Three agents collaborate in sequence, orchestrated by LangGraph:

Transaction Screener — Random Forest model (trained on 1M synthetic records via MLflow) gates each transaction as LOW or HIGH suspicion. In production, inference routes to NVIDIA Triton Inference Server via ONNX Runtime.
Document Forensics Agent — A local LLM (llama3.1:8B via Ollama) cross-examines the transaction against its invoice. Supports two retrieval modes: vectorless RAG via PageIndex (LLM navigates a hierarchical document tree to retrieve relevant pages) or a static JSON tree fallback. Prompt-injection hardened.
Compliance Arbitrator — Runs only after a human auditor has reviewed the evidence. Produces a signed audit package conforming to EY AML/CFT Internal Policy v3.2.

Architecture

flowchart TD
    A([Transaction Submitted]) --> B[FastAPI :8000]
    B --> C[LangGraph StateGraph]

    subgraph LangGraph Pipeline
        C --> D[Transaction Screener\nRandom Forest · MLflow Registry]
        D -->|P fraud < 0.65| E([APPROVED\nAuto-resolved])
        D -->|P fraud ≥ 0.65| F[Document Forensics Agent\nOllama · llama3.1:8B · temp=0]
        F -->|USE_PAGEINDEX=1| F1[PageIndex Vectorless RAG\nTree traversal · page retrieval]
        F -->|fallback| F2[Static JSON Tree\npre-generated at upload]
        F1 --> G{HITL Breakpoint\nMemorySaver · interrupt_before}
        F2 --> G
    end

    subgraph Human-in-the-Loop
        G --> H[Streamlit Auditor Dashboard :8501\nCase Queue · Evidence Panel · PDF Viewer]
        H -->|APPROVE / REJECT| I[Compliance Arbitrator\nAudit Package · EY Policy v3.2]
    end

    I --> J([Final Decision\nAPPROVED BY AUDITOR\nor REJECTED BY AUDITOR])

    subgraph MLOps
        K[MLflow UI :5000\nExperiment Tracking · Model Registry]
        D -.-> K
    end

    subgraph DevSecOps
        L[GitHub Actions CI\nFlake8 · Bandit SAST · pip-audit · Trivy]
    end

Production Inference Architecture

The development setup loads the sklearn model directly inside the FastAPI process. That works fine at low volume, but it has a hard ceiling: Python's GIL means concurrent inference requests queue behind each other, there's no dynamic batching, and swapping model versions requires a service restart.

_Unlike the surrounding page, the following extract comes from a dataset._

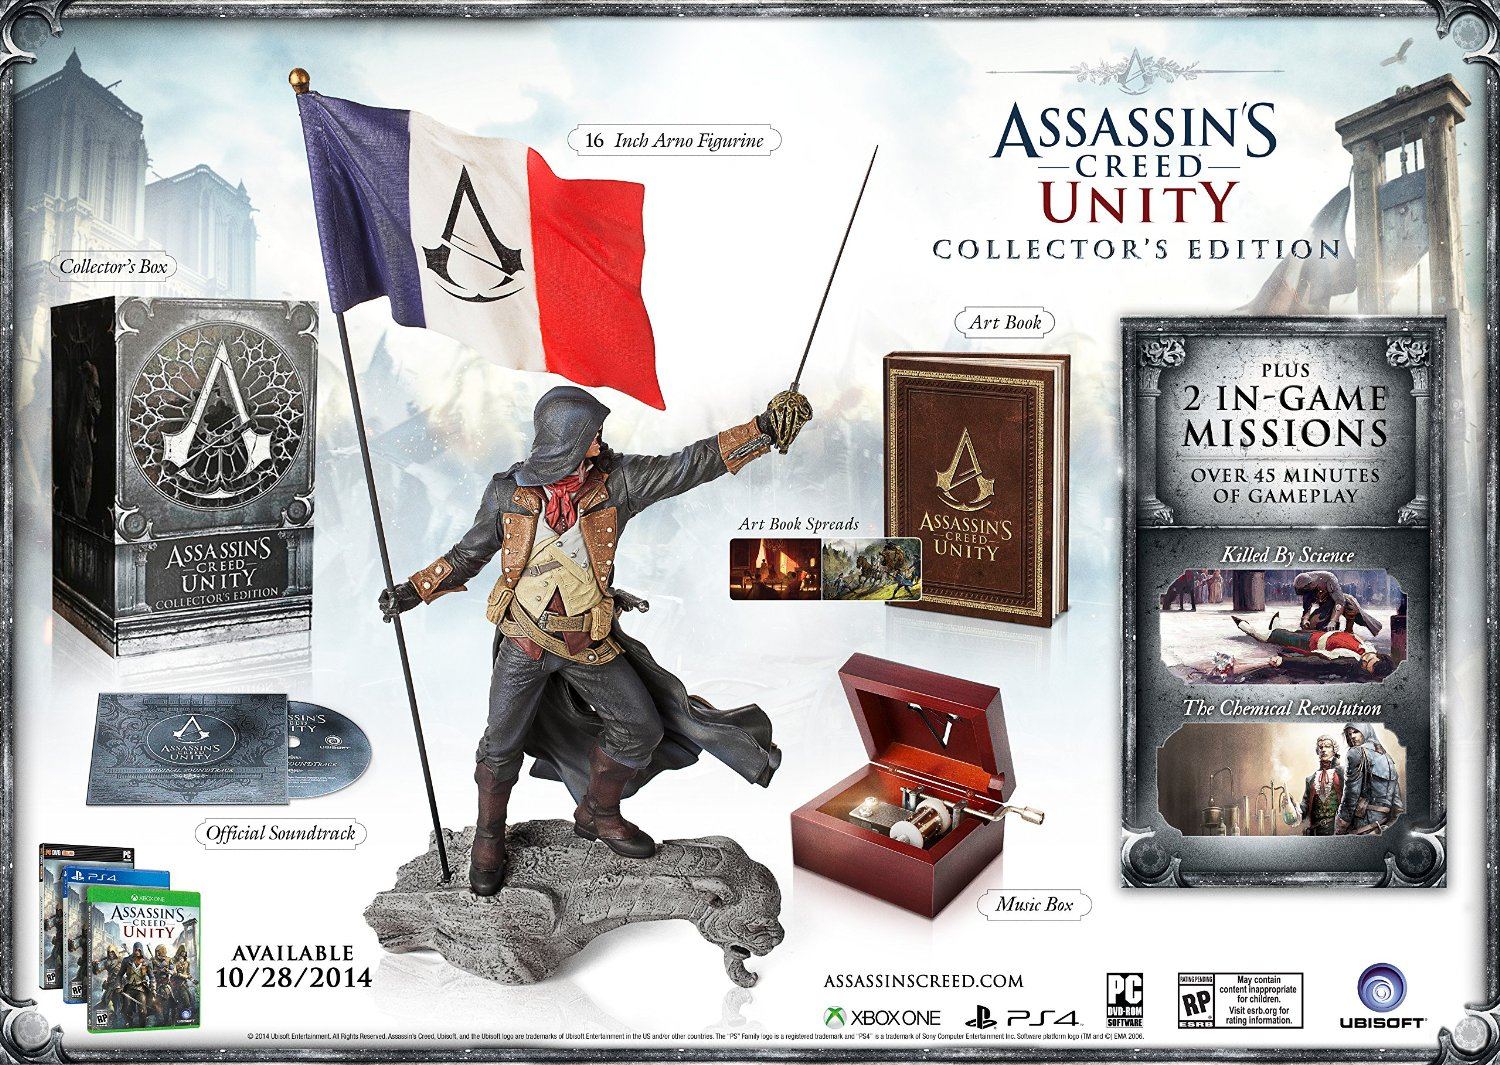  Assassin's Creed: Unity (PS4) - Pre-Owned : Video Games

The production layout separates concerns into two layers:

flowchart LR
    subgraph Orchestration Layer
        A[FastAPI :8000\nLangGraph · HITL · Business Logic]
    end

    subgraph Inference Layer
        B[Triton Inference Server :8001\nONNX Runtime · 2 CPU instances]
        C[(model_repository\ntransaction_screener/\n  config.pbtxt\n  1 / model.onnx)]
        B --- C
    end

    A -->|HTTP · KServe v2 protocol| B
    A --> D[Ollama LLM\nDocument Forensics]
    A --> E[Streamlit\nAuditor Dashboard]

FastAPI owns the LangGraph pipeline, document forensics, HITL state, and audit trail. Triton owns ML inference and nothing else. This boundary matters: you can retrain, re-export, and reload the model in Triton without touching or restarting the API service.

Why Triton over serving sklearn inside FastAPI

	FastAPI (sklearn in-process)	Triton + ONNX Runtime
Concurrency	Python GIL serialises inference calls	C++ core, 2 model instances run truly in parallel
Batching	None — 1 prediction per request	Dynamic batching groups requests within a latency budget
Model swap	Requires service redeploy	Copy new `model.onnx` → Triton hot-reloads, zero downtime
GPU path	Not available	`instance_group { kind: KIND_GPU }` — one config line
Observability	Custom logging	Built-in Prometheus metrics at `:8003/metrics`

Benchmark — local CPU (Intel i7-1255U, 500 requests, 50 concurrent workers)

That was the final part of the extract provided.